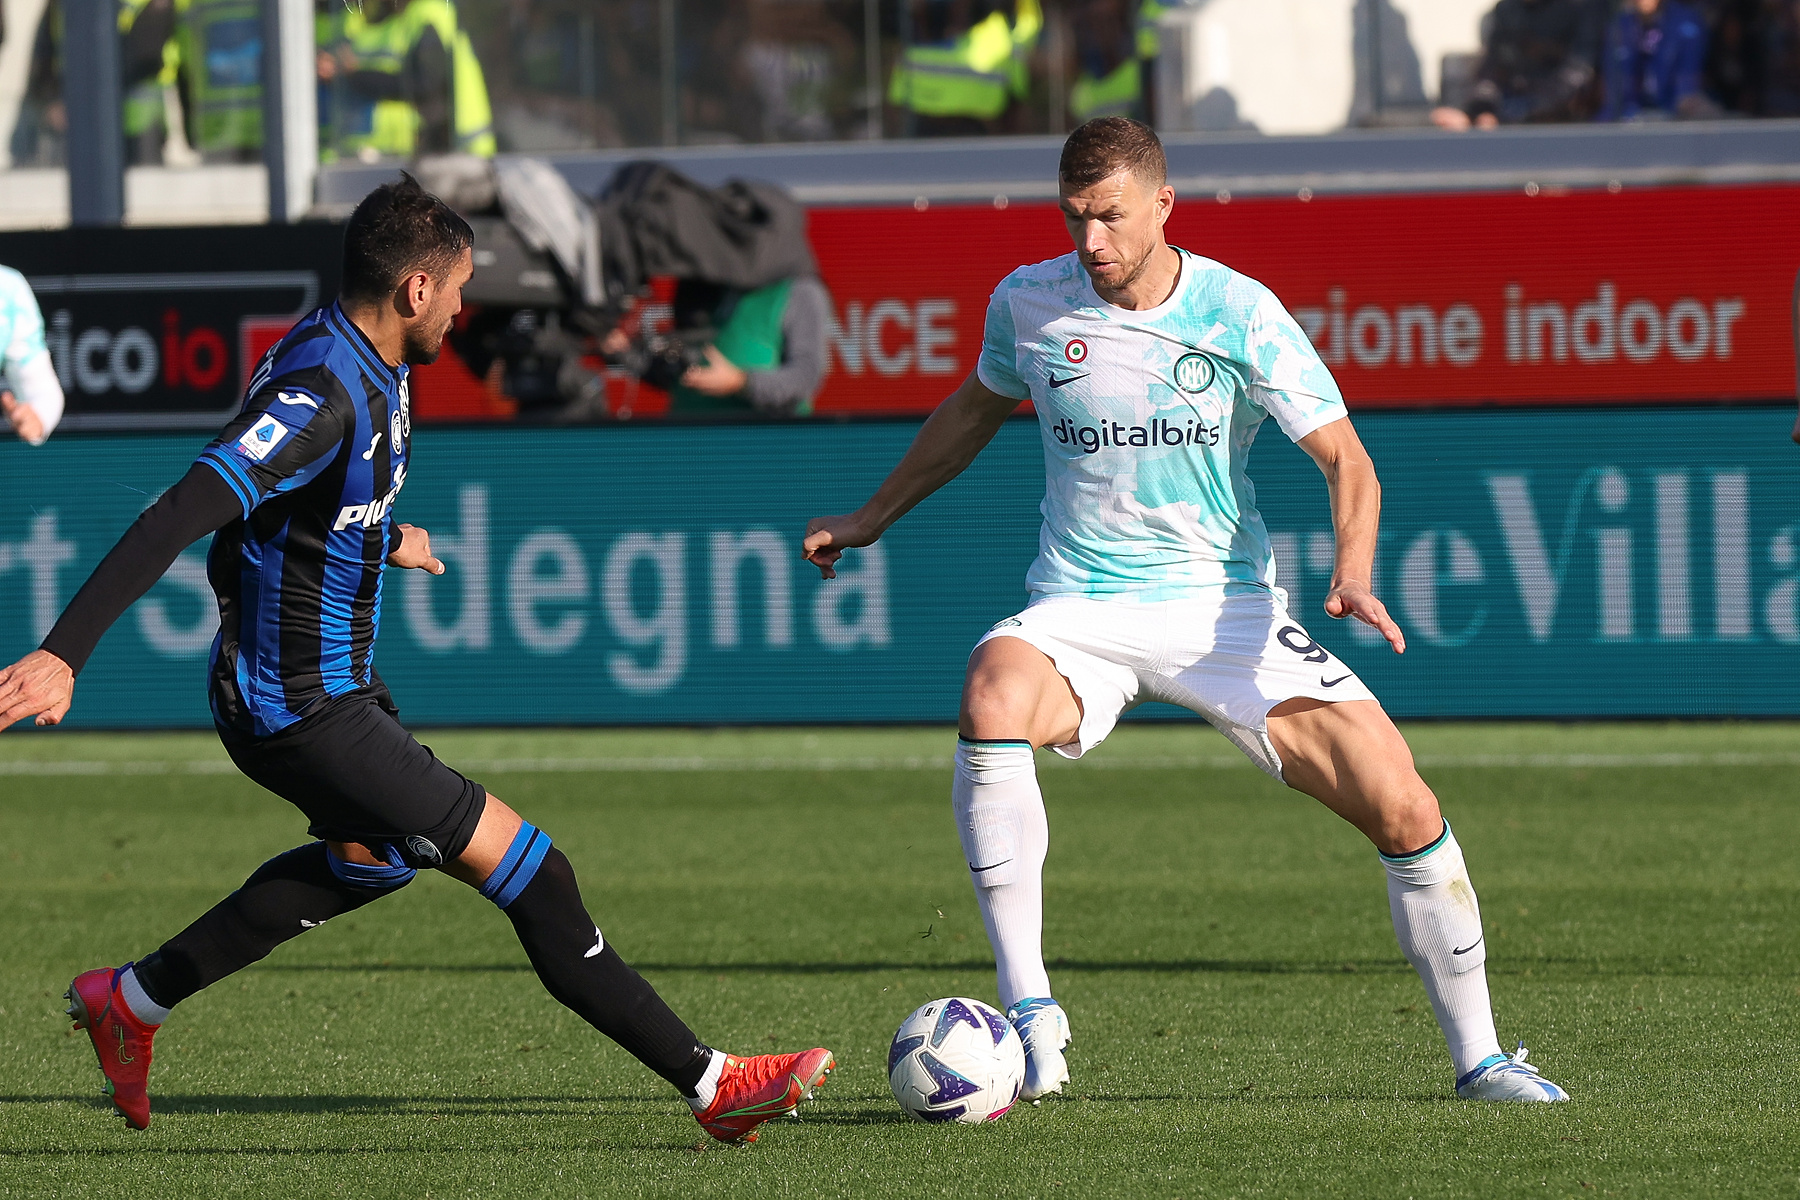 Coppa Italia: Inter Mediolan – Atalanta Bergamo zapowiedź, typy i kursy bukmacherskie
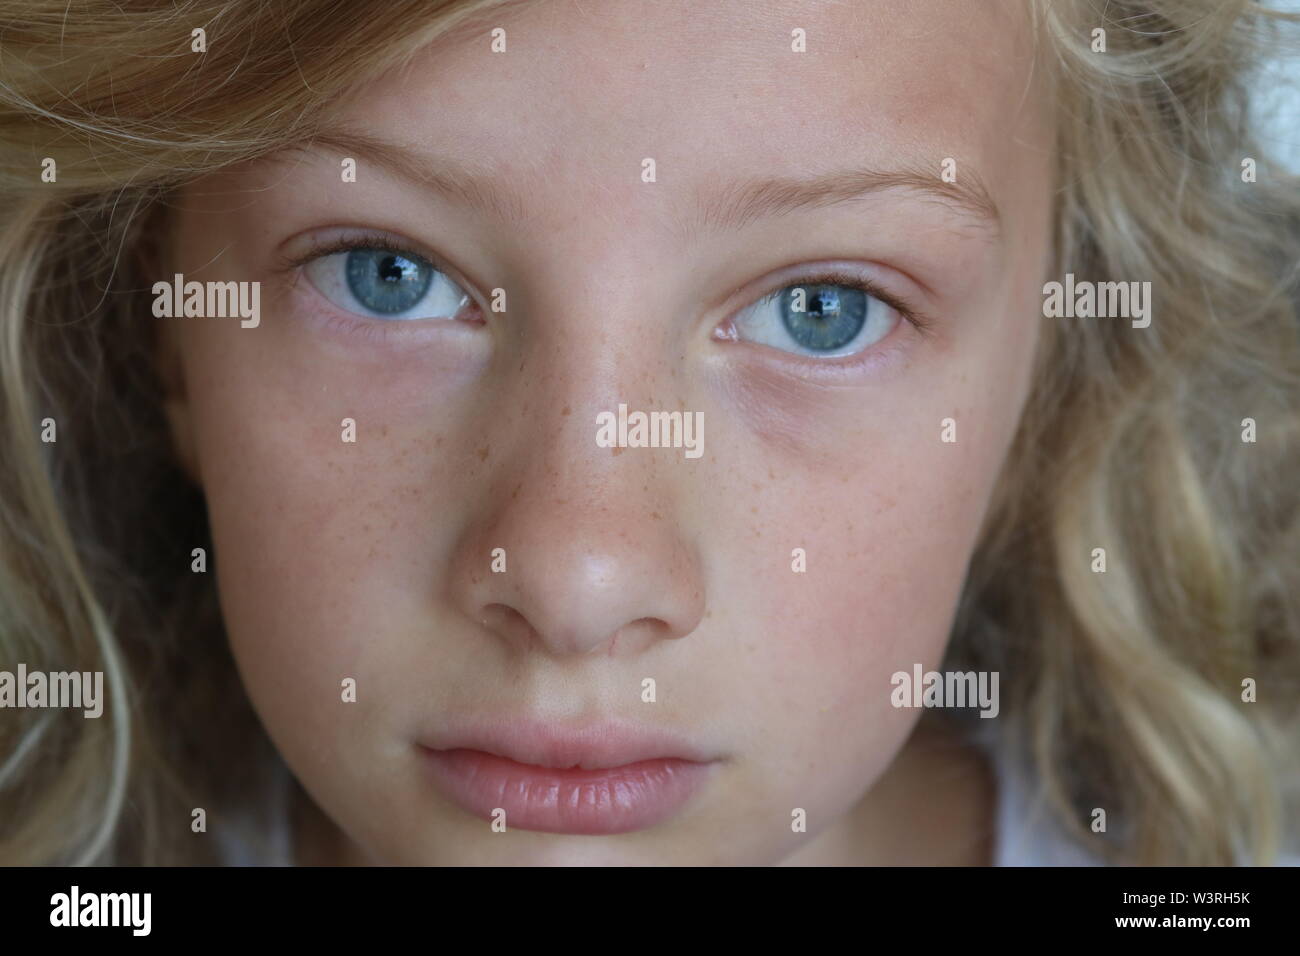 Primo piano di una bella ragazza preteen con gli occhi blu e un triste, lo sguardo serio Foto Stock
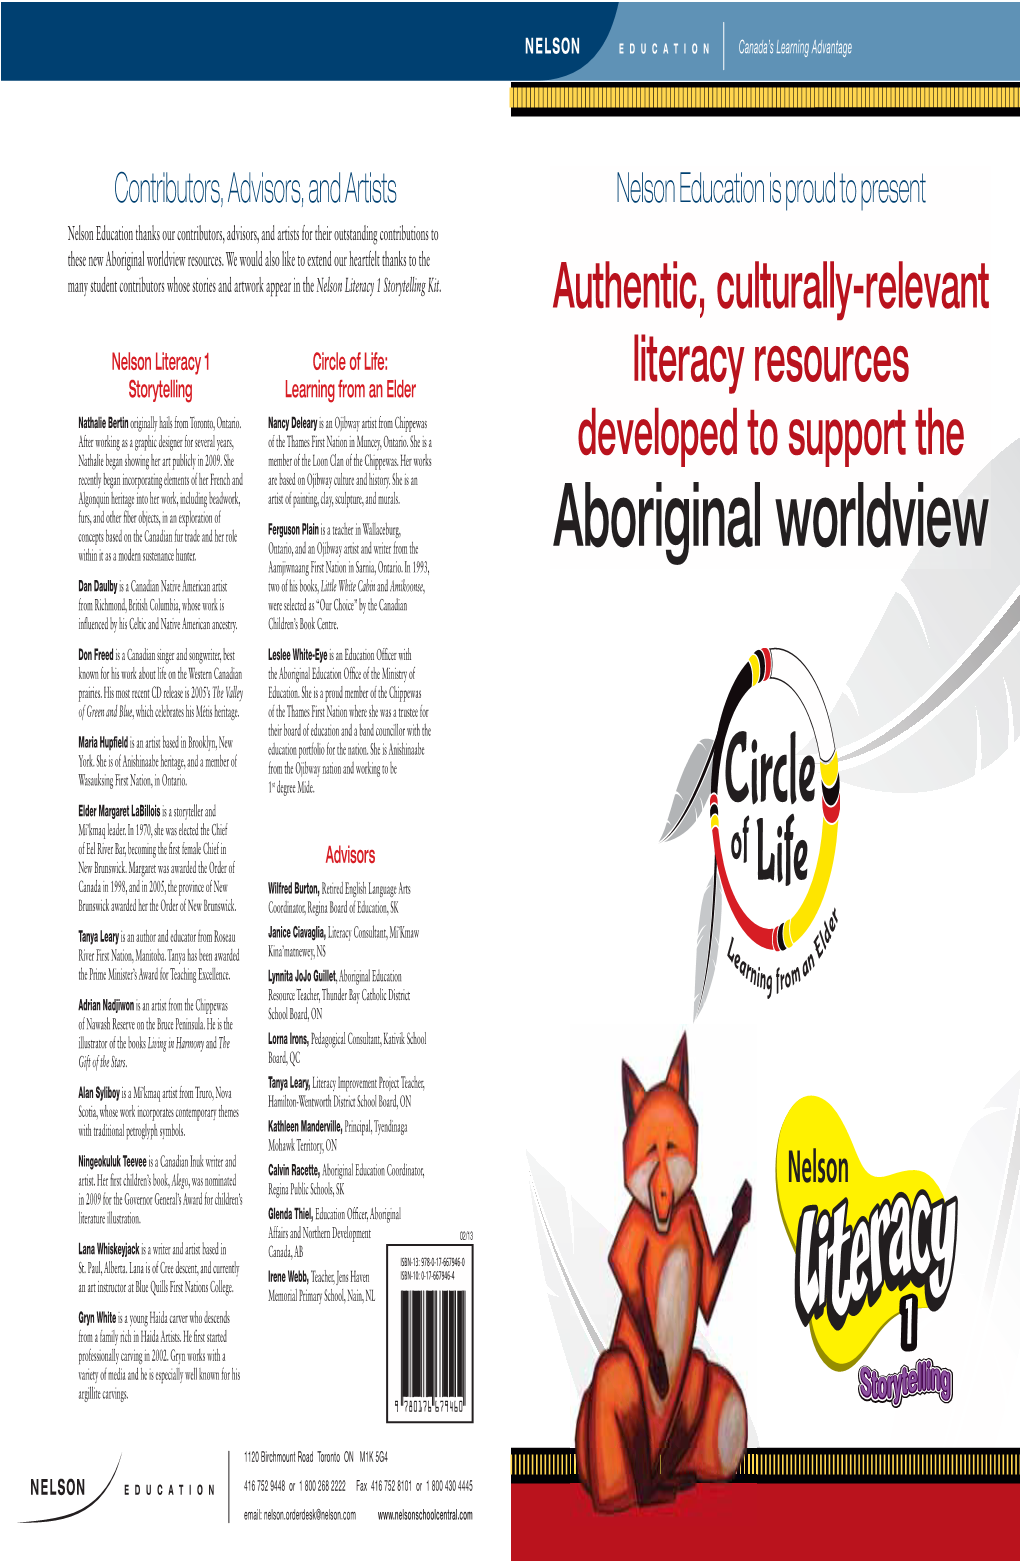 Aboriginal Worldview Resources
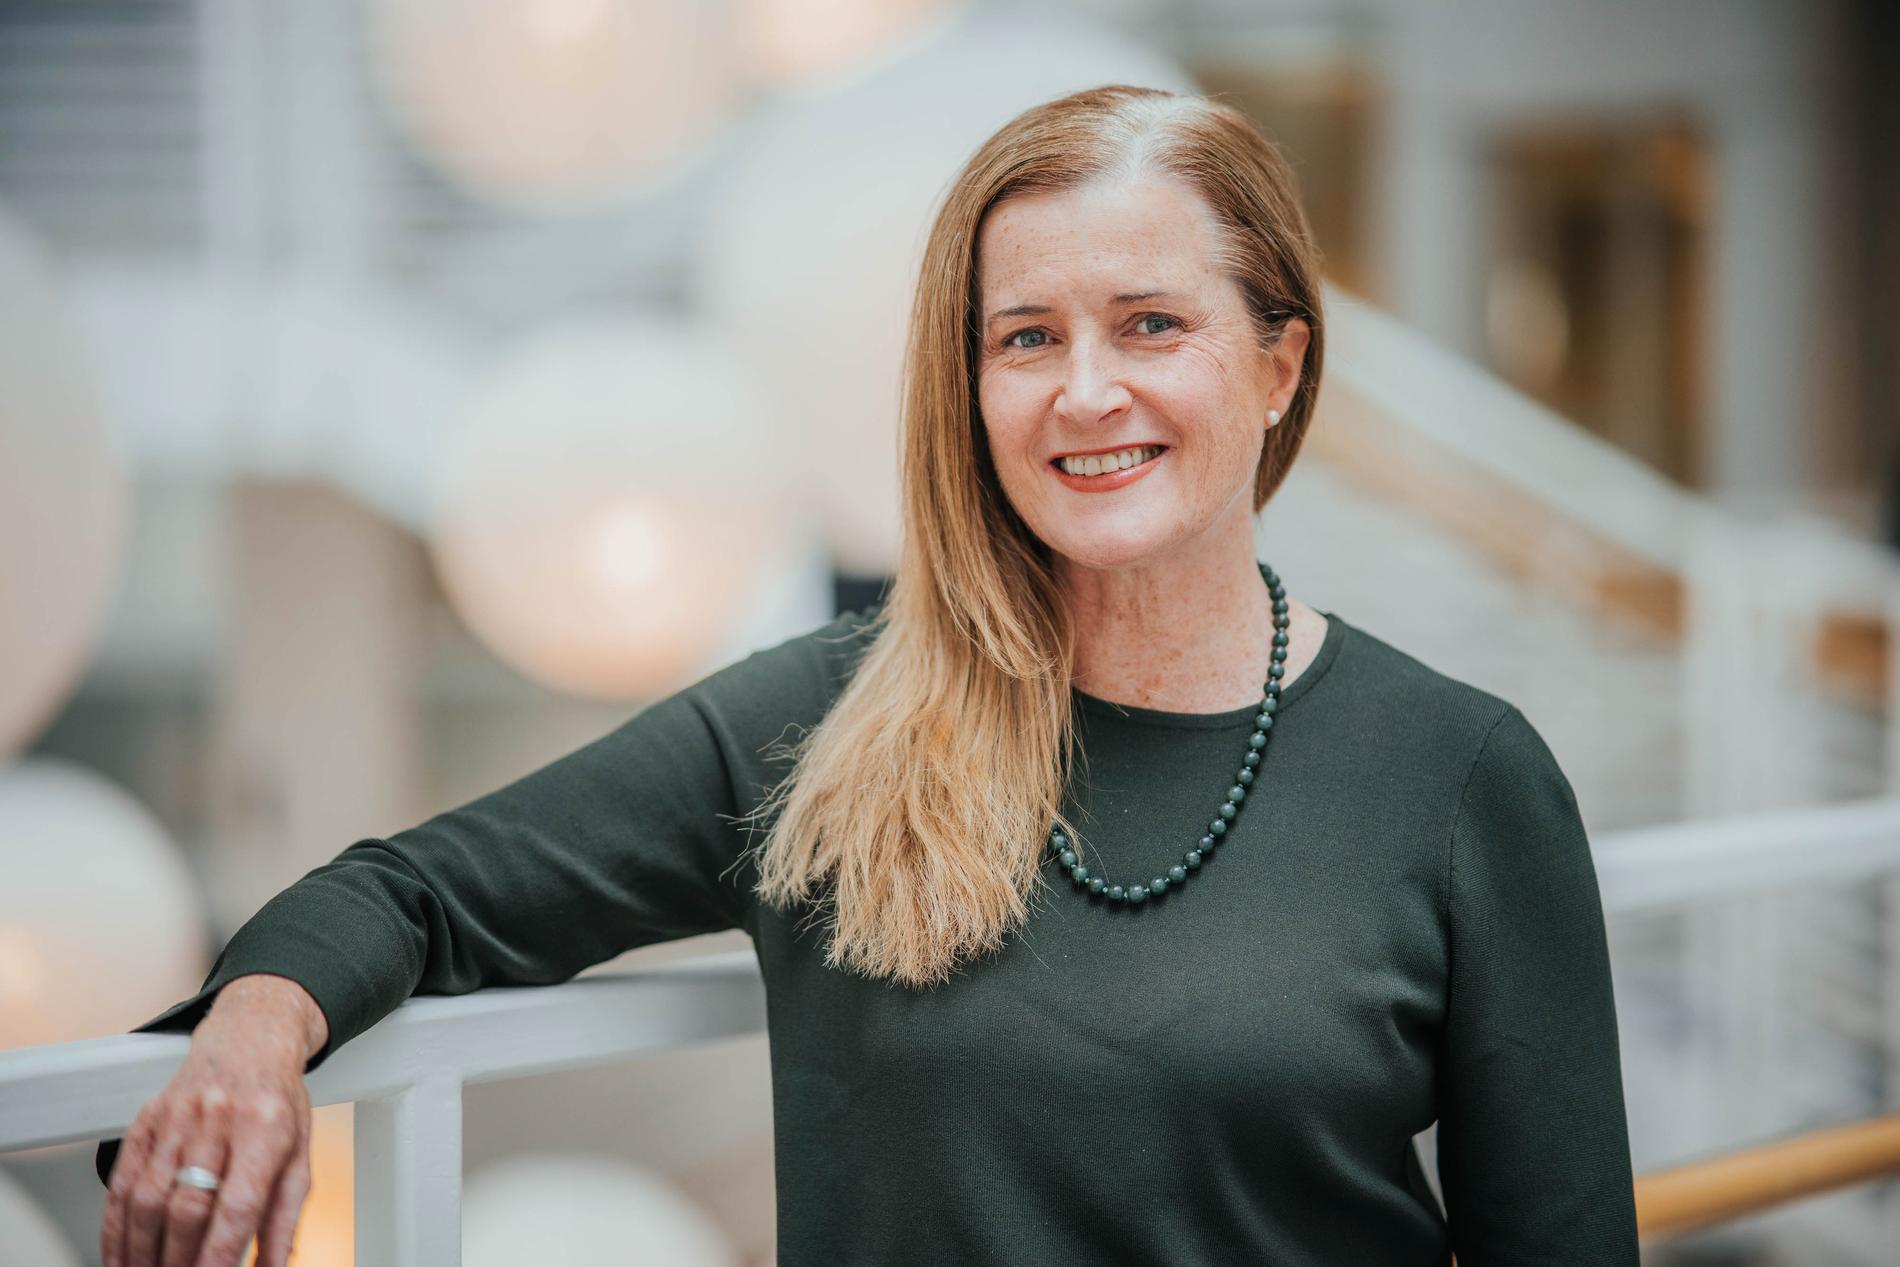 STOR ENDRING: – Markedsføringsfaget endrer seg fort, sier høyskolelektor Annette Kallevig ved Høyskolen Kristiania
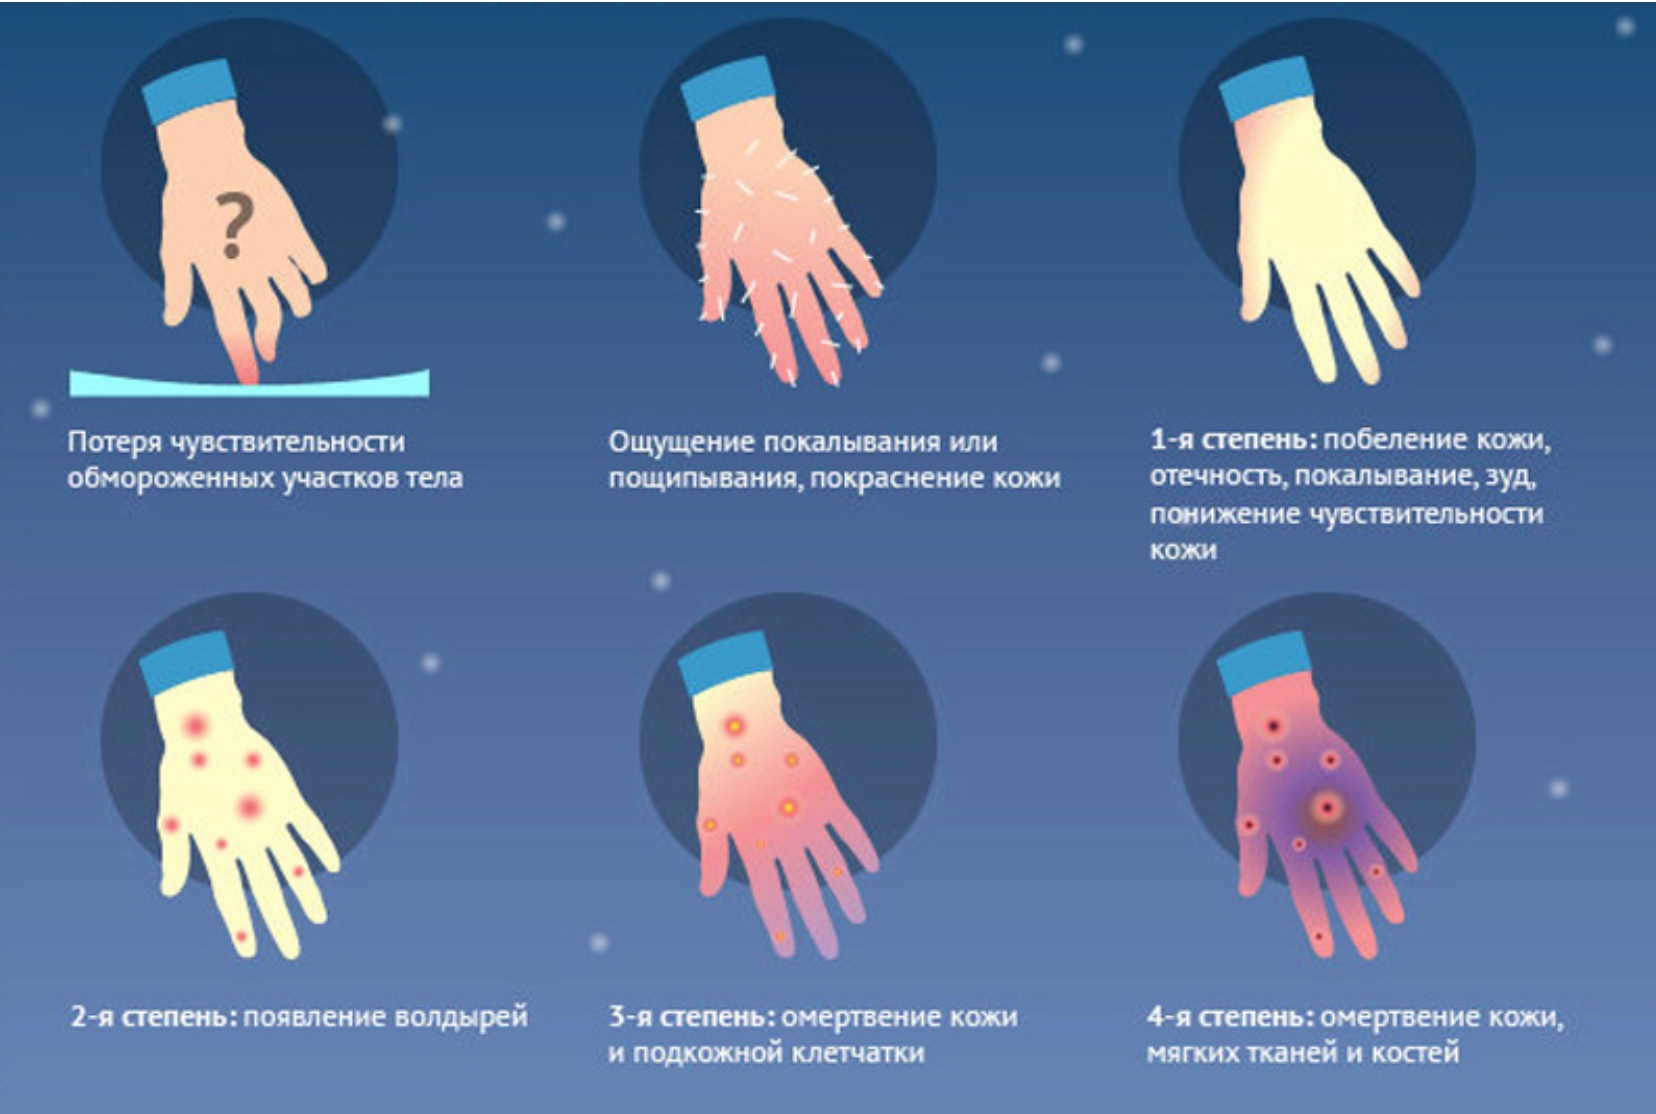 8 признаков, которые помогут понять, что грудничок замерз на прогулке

========================================================================

#### PROBLEM:
Reproduce every line of the material above, but drop the pictures.

#### EXERCISE ANSWER:
 Coppa Italia: Inter Mediolan – Atalanta Bergamo zapowiedź, typy i kursy bukmacherskie
 Primo piano di una bella ragazza preteen con gli occhi blu e un triste, lo sguardo serio Foto Stock
 Aboriginal Worldview Resources
 STOR ENDRING: – Markedsføringsfaget endrer seg fort, sier høyskolelektor Annette Kallevig ved Høyskolen Kristiania
 8 признаков, которые помогут понять, что грудничок замерз на прогулке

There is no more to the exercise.